Finanzen / 17.02.2021

Homeoffice richtig steuerlich absetzen

Wer ein separates Arbeitszimmer hat, sollte nachrechnen, ob seine Kosten höher sind als die Pauschale.

Junge Frau sitzt zuhause am Notebook und telefoniert.

Berlin (dpa/tmn). Viele Arbeitnehmer arbeiten aktuell von zu Hause. Das kann zu Entlastungen bei der Steuer führen. Wer bereits im Vorjahr im Homeoffice tätig war, kann jetzt bei der Einkommensteuererklärung für das Jahr 2020 pro Tag im Homeoffice 5 Euro, maximal 600 Euro im Jahr, ansetzen.

Das gilt auch, wenn kein extra Arbeitszimmer zur Verfügung stand, sondern am Ess- oder Küchentisch gearbeitet wurde. „Wer ein separates Arbeitszimmer hat und wegen der Corona-Pandemie dort arbeiten musste, kann zwischen der Homeoffice-Pauschale und dem Nachweis der Einzelkosten wählen“, sagt Isabel Klocke vom Bund der Steuerzahler. Er kann sich dann die günstige Variante aussuchen.

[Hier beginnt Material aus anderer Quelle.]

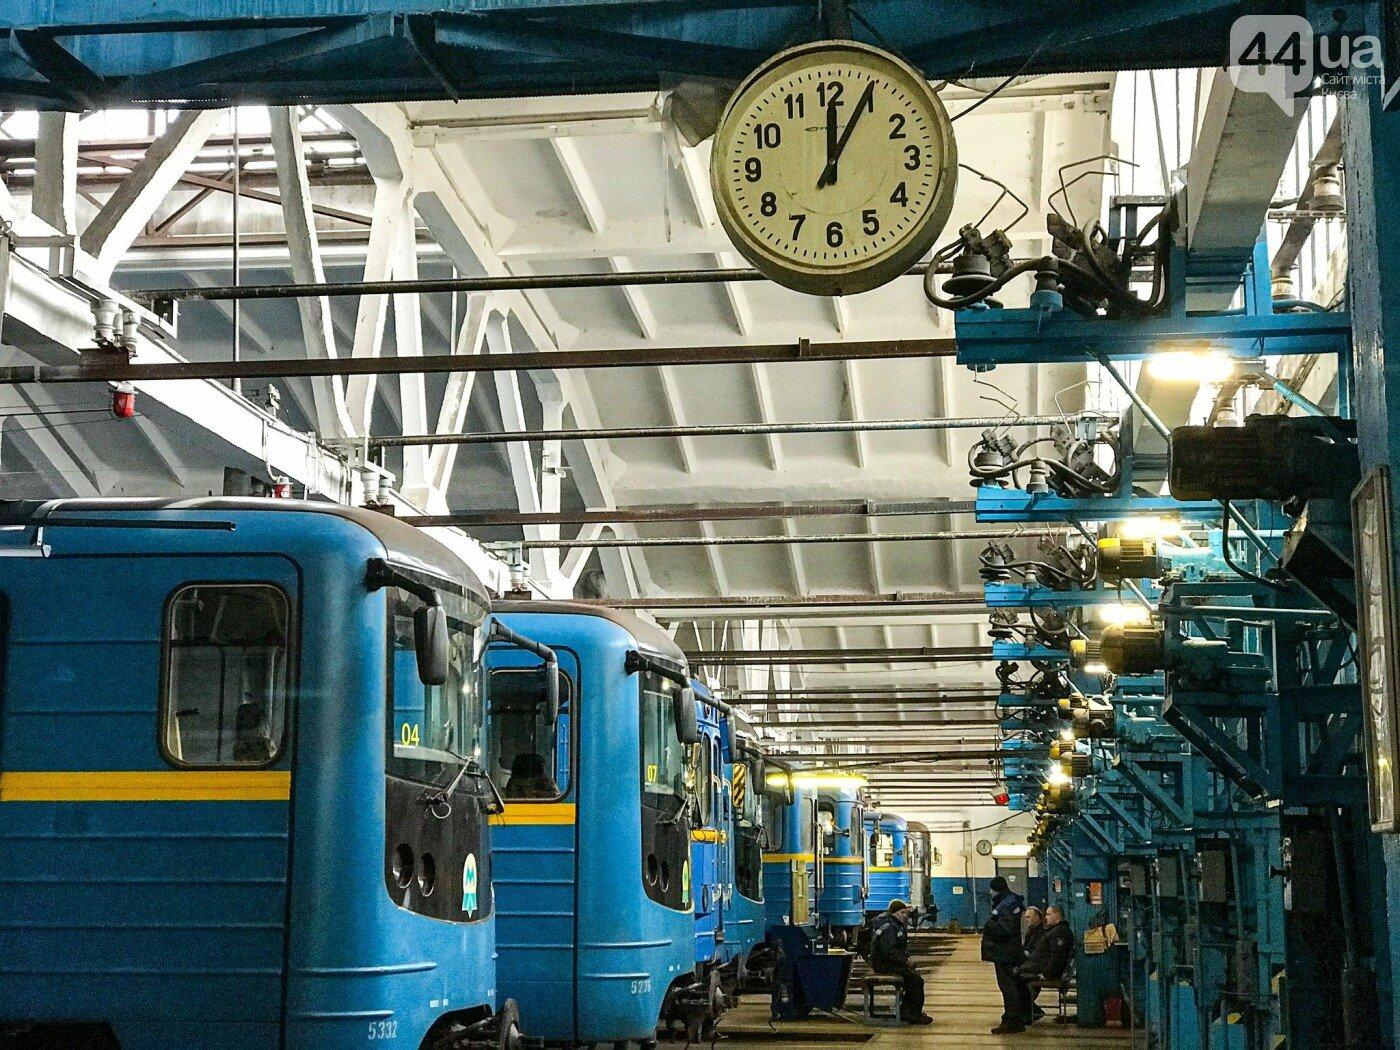 ТОП-15 вопросов о Киевском метрополитене, которые вы хотели задать, - ФОТО, Фото: 44.ua

Wann sich die Homeoffice-Pauschale lohnt

Die maximal 600 Euro rentieren sich aber nur dann, wenn der Arbeitnehmer noch weitere Werbungskosten hat. Denn erst wenn alle beruflichen Ausgaben zusammen den Betrag von 1.000 Euro im Jahr überschreiten, wirkt sich dies steuermindernd aus. Zu den Werbungskosten zählen zum Beispiel selbst gezahlte Fortbildungskosten, Ausgaben für Berufsbekleidung oder Fachliteratur.

Steuererklärung Anlage N

Eingetragen werden die Werbungskosten bei Arbeitnehmern in der Anlage N der Einkommensteuererklärung. „Weil es für die Homeoffice-Pauschale noch keine Zeile in den Steuervordrucken gibt, können die Ausgaben bei den weiteren Werbungskosten vermerkt werden, zum Beispiel in der Zeile 48 des Steuerformulars“, rät Klocke.

Fahrtkosten oder Homeoffice-Pauschale

Außerdem sollte beachtet werden, dass Fahrtkosten für den Arbeitsweg und die Homeoffice-Pauschale nicht parallel angesetzt werden dürfen. Wer vormittags zu Hause arbeitet und nachmittags ins Büro, in den Betrieb oder zum Kunden fährt, darf die Homeoffice-Pauschale für diesen Tag nicht absetzen. Die Fahrtkosten werden aber bei der Entfernungspauschale bzw. den Reisekosten anerkannt.